Rhode Island Contractor’s Registration #: GC-49213


In this month’s blog post, we delve further into the ins and outs of your lawn’s needs.

Go all in or don’t go at all: If homeowners don’t want to water their lawn, that’s fine, according to experts. The lawn can go dormant just like it does in the winter without harming the grass, providing there’s not a drought longer than a month. But letting the lawn go dormant, then watering, and then discontinuing the watering again is hard on the grass.

You don’t want to half-water and go back and forth between dormant and watering. You stress-out the grass. A dormant lawn will come back to life after a good rainstorm. “The lawn will come back naturally, just like it does when it goes dormant in the winter.

Seasonal settings: Reset your irrigation timer monthly. This is one of the most overlooked aspects of a lawn irrigation system. Don’t let your system run on summer settings once your region’s rainy season arrives. In some western states, the local extension service or water management authorities posts timer setting recommendations online based on historical weather data.

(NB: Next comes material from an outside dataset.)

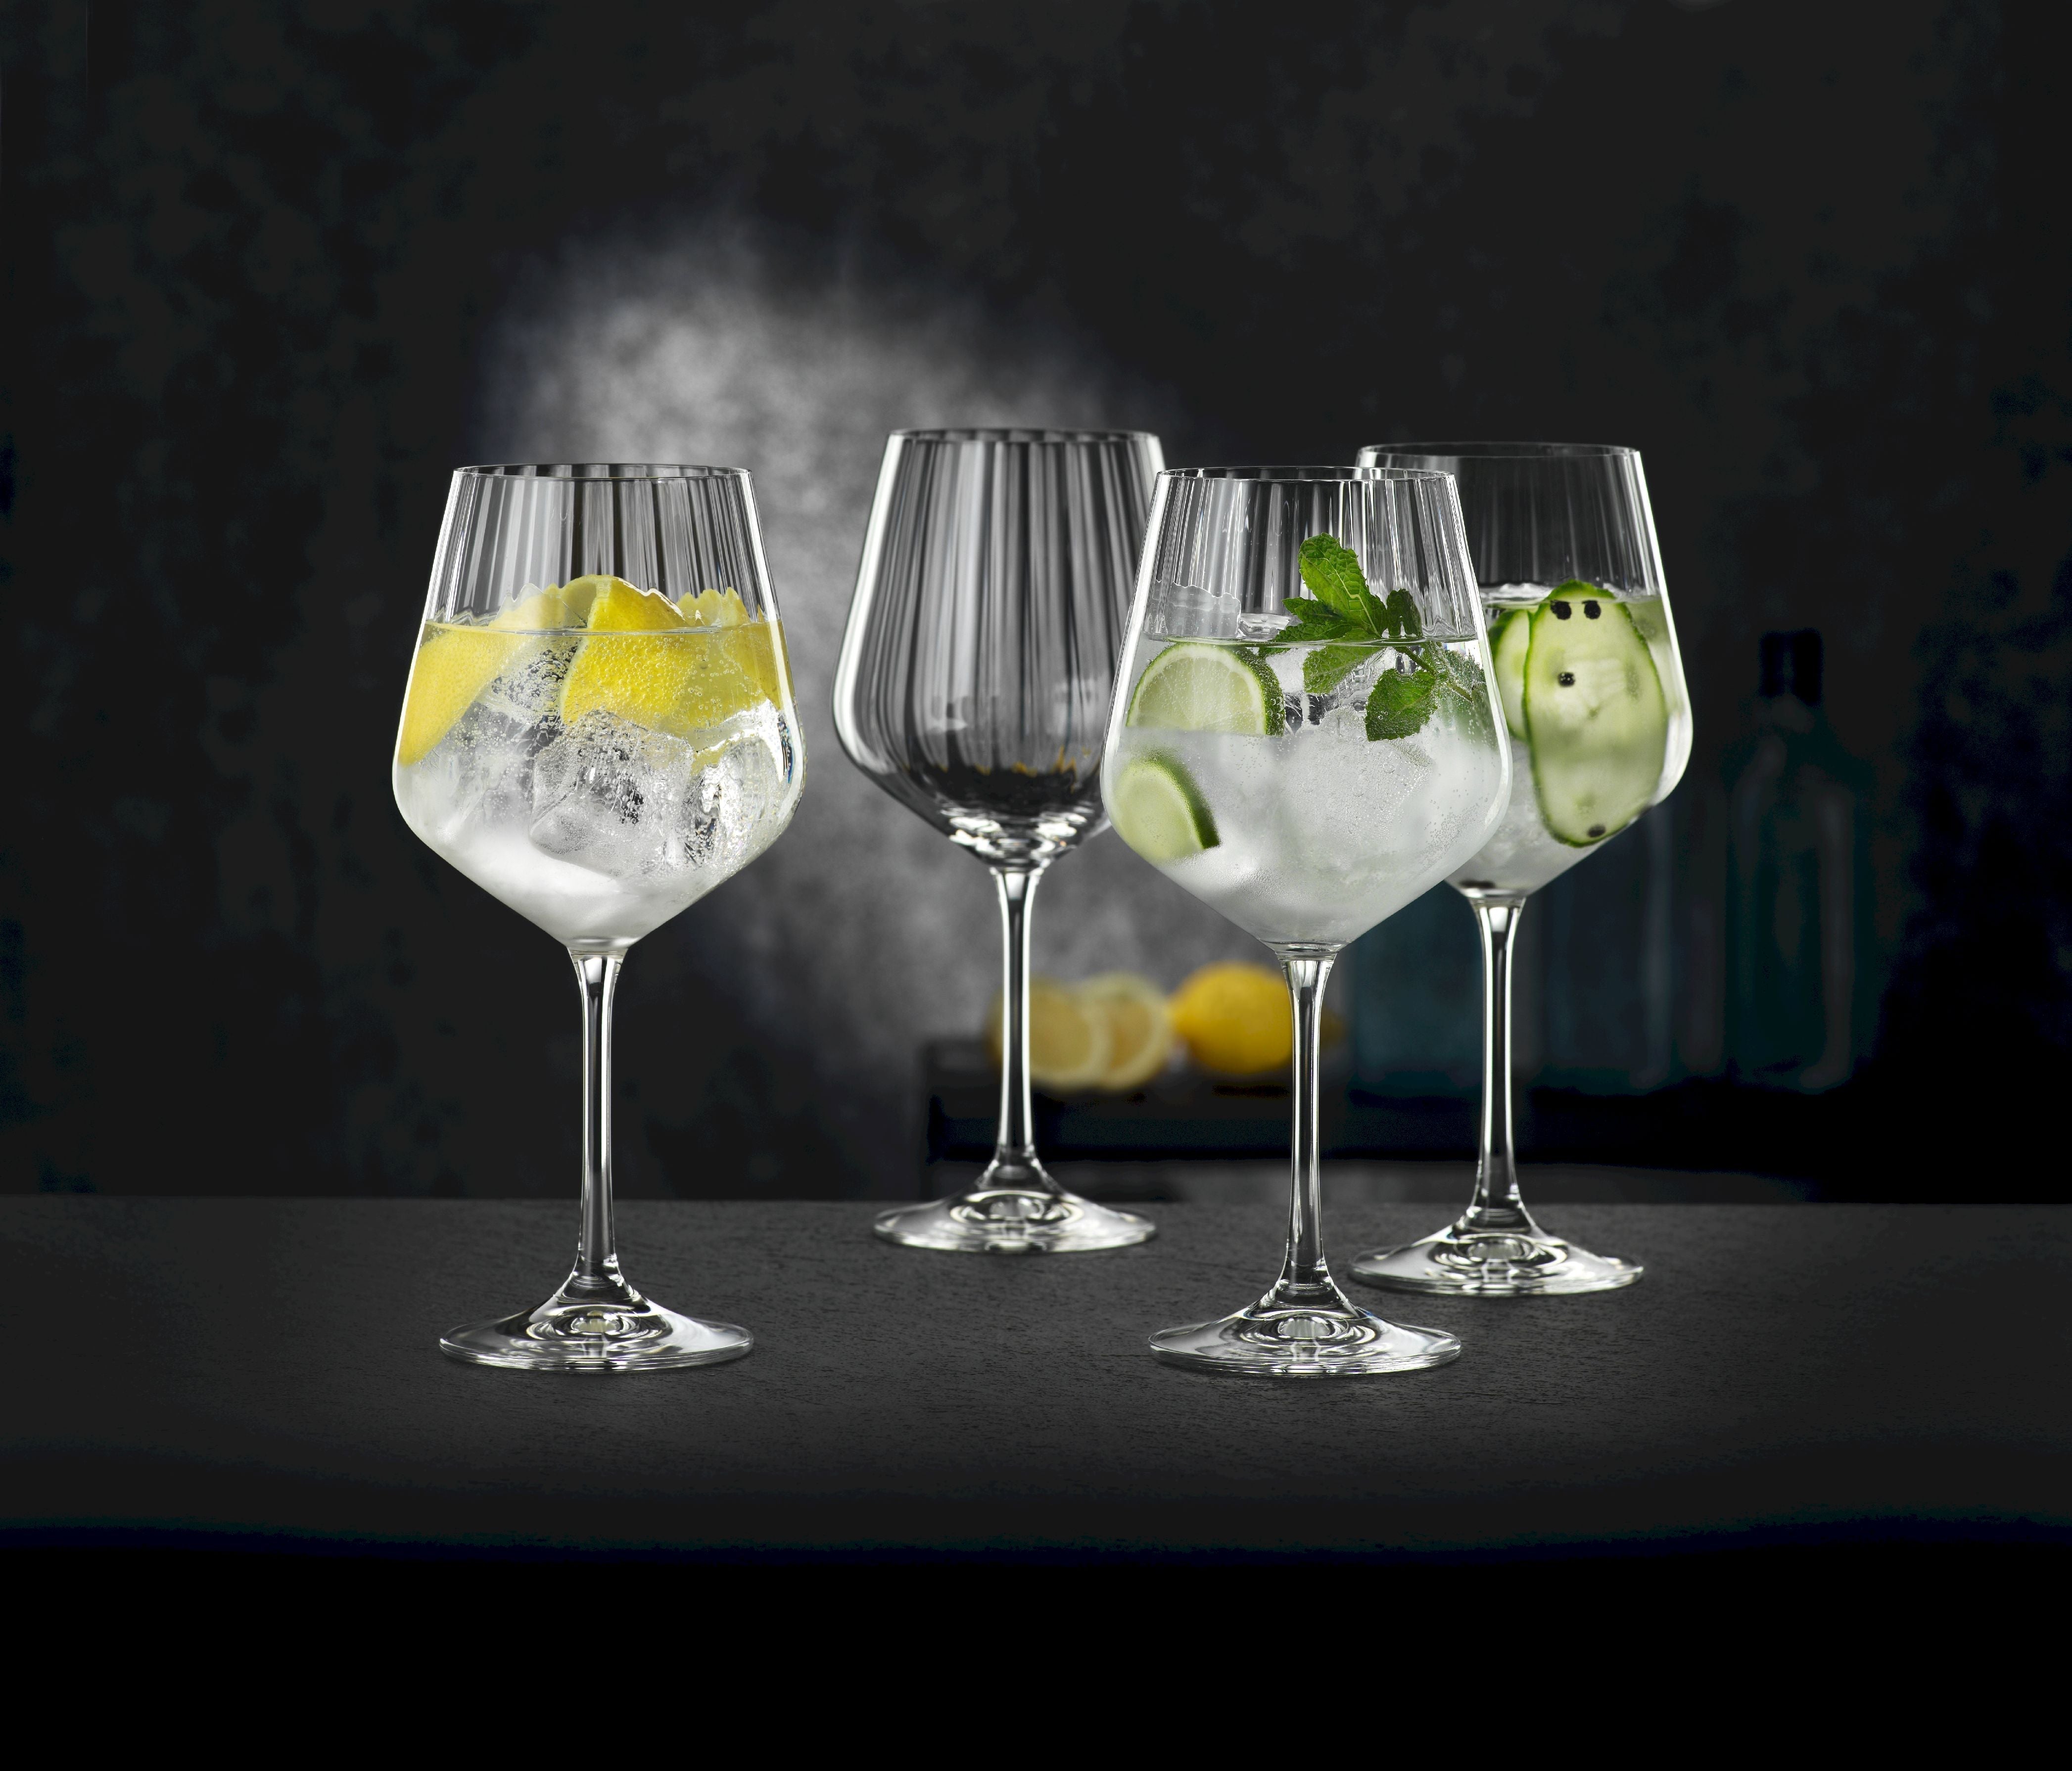 Nachtmann Gin & Tonic Glass 640 ml, set van 4
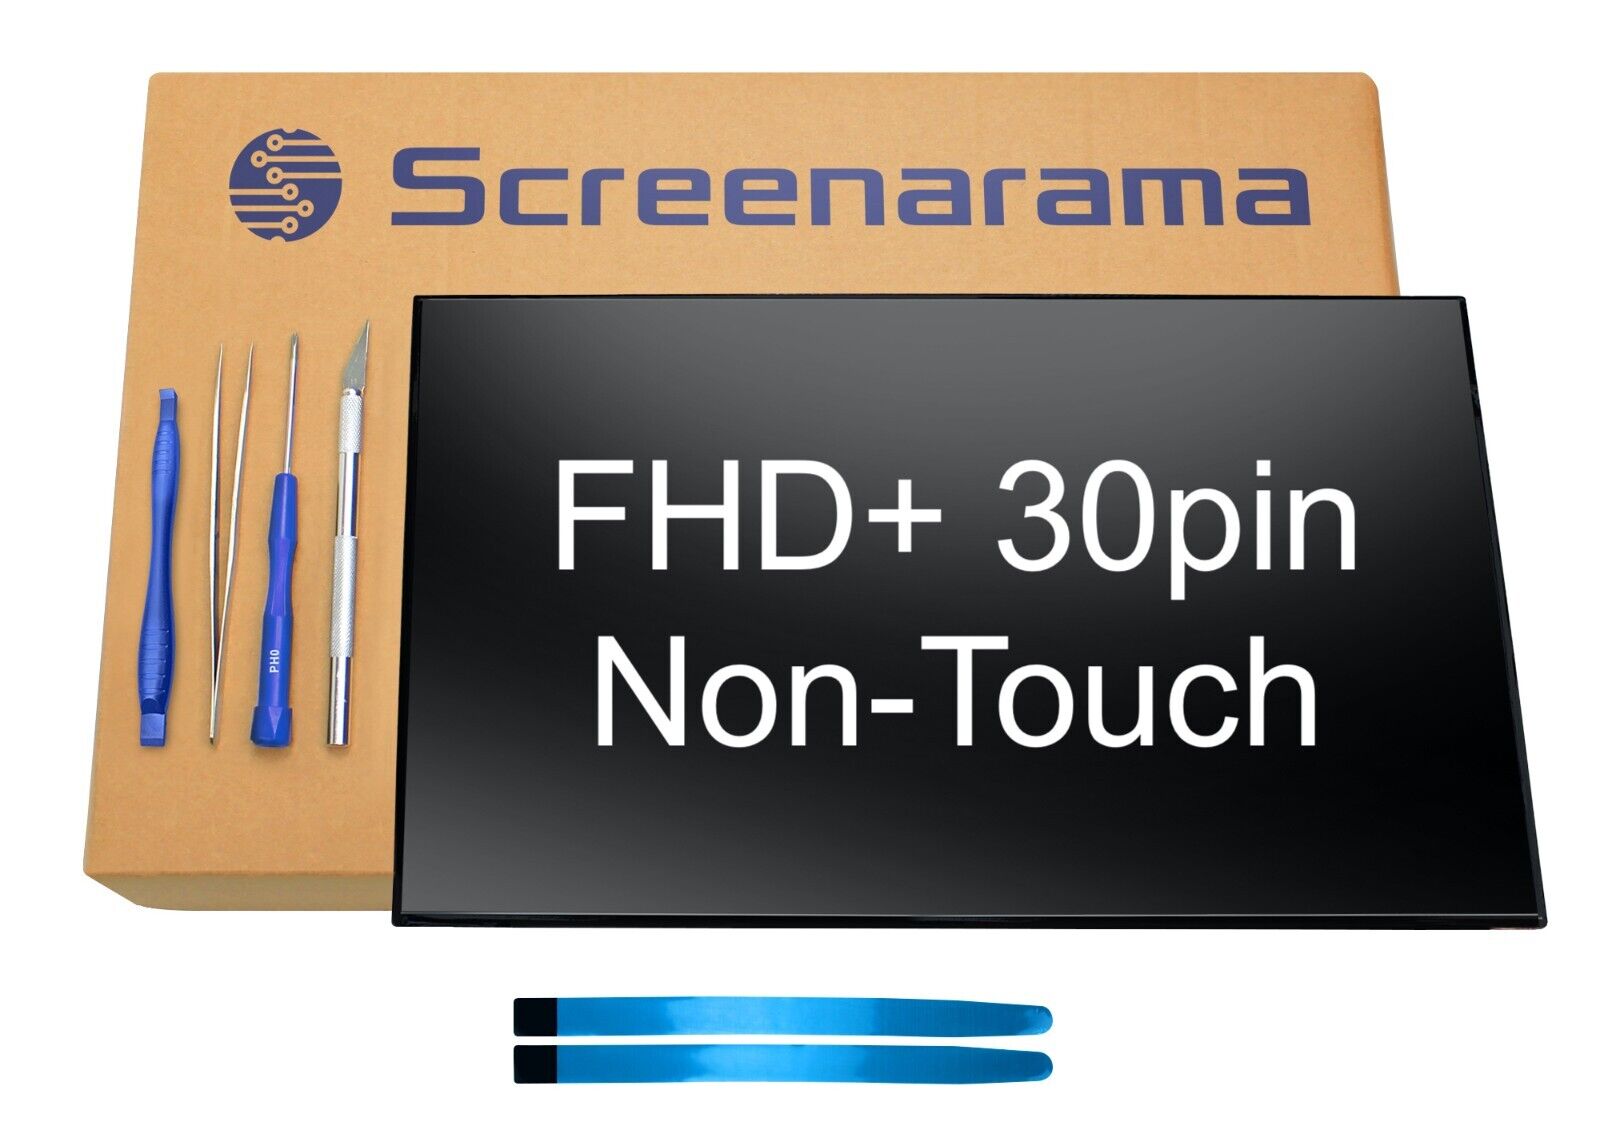 CMO InnoLux N140JCA-EEK FHD+ 30pin LED LCD Screen + Tools SCREENARAMA * FAST

There are varying water requirements for seasonal climate changes, for sun and shade factors and for the degree of slope within areas of the lawn. There’s even more watering differences that are brought about because of different soil and grass types.

Certain soil types absorb water better than others. A high composition of clay, for example, will prevent water from absorbing into the soil. Clay tends to retain an average around 1.5 inches of water per foot of soil, while fine sand and loamy sand retain the least amount of water at 0.7 and 0.8 inches of water per foot of soil, respectively. Silty loam, clay loam, and silty clay loam have the highest water retention of all soil types, averaging 2.4 inches of water per foot of soil.

Explore your yard’s soil type to make the most effective lawn irrigation decisions. For instance, if you see puddling each time you water, your soil likely has high clay content. This type of soil can’t absorb water quickly, but instead requires repeated, shorter watering cycles. On the plus side, clay soil retains water longer than sandy soil, which needs more frequent watering. Take a soil test to learn what kind of soil is hosting your grass, and adjust irrigation cycles accordingly.

Watering hills and slopes: When watering slopes or hillsides, tinker with irrigation frequency and timing. You’ll have the best success if you use short watering cycles spaced out over time. Water this area first, for instance, for a brief duration, and then let the system water another spot in the yard while the slope absorbs the water it received. Cycle back to apply another round of water to the slope. Use this same strategy to water clay soils effectively.

Shady lawns: Grass growing in the shade uses less water than a sun-bathed lawn. In general, you can water shady lawn areas less frequently than sunny ones. The exception, though, is grass growing beneath a tree. In these shady spots, the lawn is competing with tree roots for available moisture. You may need to water these shady lawn areas more frequently than ones that are shaded by a structure. Remember to water deeply to encourage deep grass roots.